Task item:
Each line from the line containing "Apple Watch Series 7 sleep tracking" through the last line of the entries is to be reproduced exactly as it stands.

[Saved data entries]
━━━━
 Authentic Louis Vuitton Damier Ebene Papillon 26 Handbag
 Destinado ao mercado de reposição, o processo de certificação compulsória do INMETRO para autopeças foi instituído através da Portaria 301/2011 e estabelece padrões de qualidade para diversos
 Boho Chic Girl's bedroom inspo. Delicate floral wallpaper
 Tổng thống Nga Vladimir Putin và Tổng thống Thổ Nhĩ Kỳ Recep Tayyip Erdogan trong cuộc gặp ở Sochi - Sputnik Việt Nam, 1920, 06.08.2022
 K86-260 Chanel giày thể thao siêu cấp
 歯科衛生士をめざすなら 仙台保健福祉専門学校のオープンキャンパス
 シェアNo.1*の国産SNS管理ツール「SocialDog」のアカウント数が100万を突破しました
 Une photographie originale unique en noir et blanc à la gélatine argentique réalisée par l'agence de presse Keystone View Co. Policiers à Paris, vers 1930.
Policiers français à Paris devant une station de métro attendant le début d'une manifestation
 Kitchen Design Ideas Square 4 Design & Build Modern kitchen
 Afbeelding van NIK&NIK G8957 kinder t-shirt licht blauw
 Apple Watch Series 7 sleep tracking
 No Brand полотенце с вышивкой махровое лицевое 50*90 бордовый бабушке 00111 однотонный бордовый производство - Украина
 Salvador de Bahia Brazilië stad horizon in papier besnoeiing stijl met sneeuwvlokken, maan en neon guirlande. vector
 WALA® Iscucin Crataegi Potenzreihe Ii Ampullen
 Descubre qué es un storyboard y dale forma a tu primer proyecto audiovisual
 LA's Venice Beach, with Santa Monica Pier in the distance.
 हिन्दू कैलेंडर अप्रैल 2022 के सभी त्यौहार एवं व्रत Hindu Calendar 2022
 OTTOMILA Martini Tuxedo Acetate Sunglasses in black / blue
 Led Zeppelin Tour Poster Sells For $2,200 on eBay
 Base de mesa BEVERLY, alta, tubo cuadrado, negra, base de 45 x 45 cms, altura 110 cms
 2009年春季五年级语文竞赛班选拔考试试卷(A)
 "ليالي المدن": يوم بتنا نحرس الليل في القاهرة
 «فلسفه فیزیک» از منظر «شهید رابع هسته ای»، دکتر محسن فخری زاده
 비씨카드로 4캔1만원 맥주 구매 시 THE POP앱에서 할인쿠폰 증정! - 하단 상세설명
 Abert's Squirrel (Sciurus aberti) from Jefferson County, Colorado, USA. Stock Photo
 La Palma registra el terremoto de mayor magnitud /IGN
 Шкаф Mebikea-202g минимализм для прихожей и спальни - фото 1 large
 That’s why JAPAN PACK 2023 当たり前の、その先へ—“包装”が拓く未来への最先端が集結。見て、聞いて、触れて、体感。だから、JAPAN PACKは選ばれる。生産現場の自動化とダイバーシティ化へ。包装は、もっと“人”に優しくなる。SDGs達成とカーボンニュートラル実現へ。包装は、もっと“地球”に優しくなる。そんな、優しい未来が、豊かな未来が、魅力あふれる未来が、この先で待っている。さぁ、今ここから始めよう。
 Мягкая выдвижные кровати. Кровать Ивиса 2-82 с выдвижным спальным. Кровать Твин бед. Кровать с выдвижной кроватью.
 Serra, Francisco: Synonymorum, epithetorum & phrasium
━━━━
Answer to the problem:
 Apple Watch Series 7 sleep tracking
 No Brand полотенце с вышивкой махровое лицевое 50*90 бордовый бабушке 00111 однотонный бордовый производство - Украина
 Salvador de Bahia Brazilië stad horizon in papier besnoeiing stijl met sneeuwvlokken, maan en neon guirlande. vector
 WALA® Iscucin Crataegi Potenzreihe Ii Ampullen
 Descubre qué es un storyboard y dale forma a tu primer proyecto audiovisual
 LA's Venice Beach, with Santa Monica Pier in the distance.
 हिन्दू कैलेंडर अप्रैल 2022 के सभी त्यौहार एवं व्रत Hindu Calendar 2022
 OTTOMILA Martini Tuxedo Acetate Sunglasses in black / blue
 Led Zeppelin Tour Poster Sells For $2,200 on eBay
 Base de mesa BEVERLY, alta, tubo cuadrado, negra, base de 45 x 45 cms, altura 110 cms
 2009年春季五年级语文竞赛班选拔考试试卷(A)
 "ليالي المدن": يوم بتنا نحرس الليل في القاهرة
 «فلسفه فیزیک» از منظر «شهید رابع هسته ای»، دکتر محسن فخری زاده
 비씨카드로 4캔1만원 맥주 구매 시 THE POP앱에서 할인쿠폰 증정! - 하단 상세설명
 Abert's Squirrel (Sciurus aberti) from Jefferson County, Colorado, USA. Stock Photo
 La Palma registra el terremoto de mayor magnitud /IGN
 Шкаф Mebikea-202g минимализм для прихожей и спальни - фото 1 large
 That’s why JAPAN PACK 2023 当たり前の、その先へ—“包装”が拓く未来への最先端が集結。見て、聞いて、触れて、体感。だから、JAPAN PACKは選ばれる。生産現場の自動化とダイバーシティ化へ。包装は、もっと“人”に優しくなる。SDGs達成とカーボンニュートラル実現へ。包装は、もっと“地球”に優しくなる。そんな、優しい未来が、豊かな未来が、魅力あふれる未来が、この先で待っている。さぁ、今ここから始めよう。
 Мягкая выдвижные кровати. Кровать Ивиса 2-82 с выдвижным спальным. Кровать Твин бед. Кровать с выдвижной кроватью.
 Serra, Francisco: Synonymorum, epithetorum & phrasium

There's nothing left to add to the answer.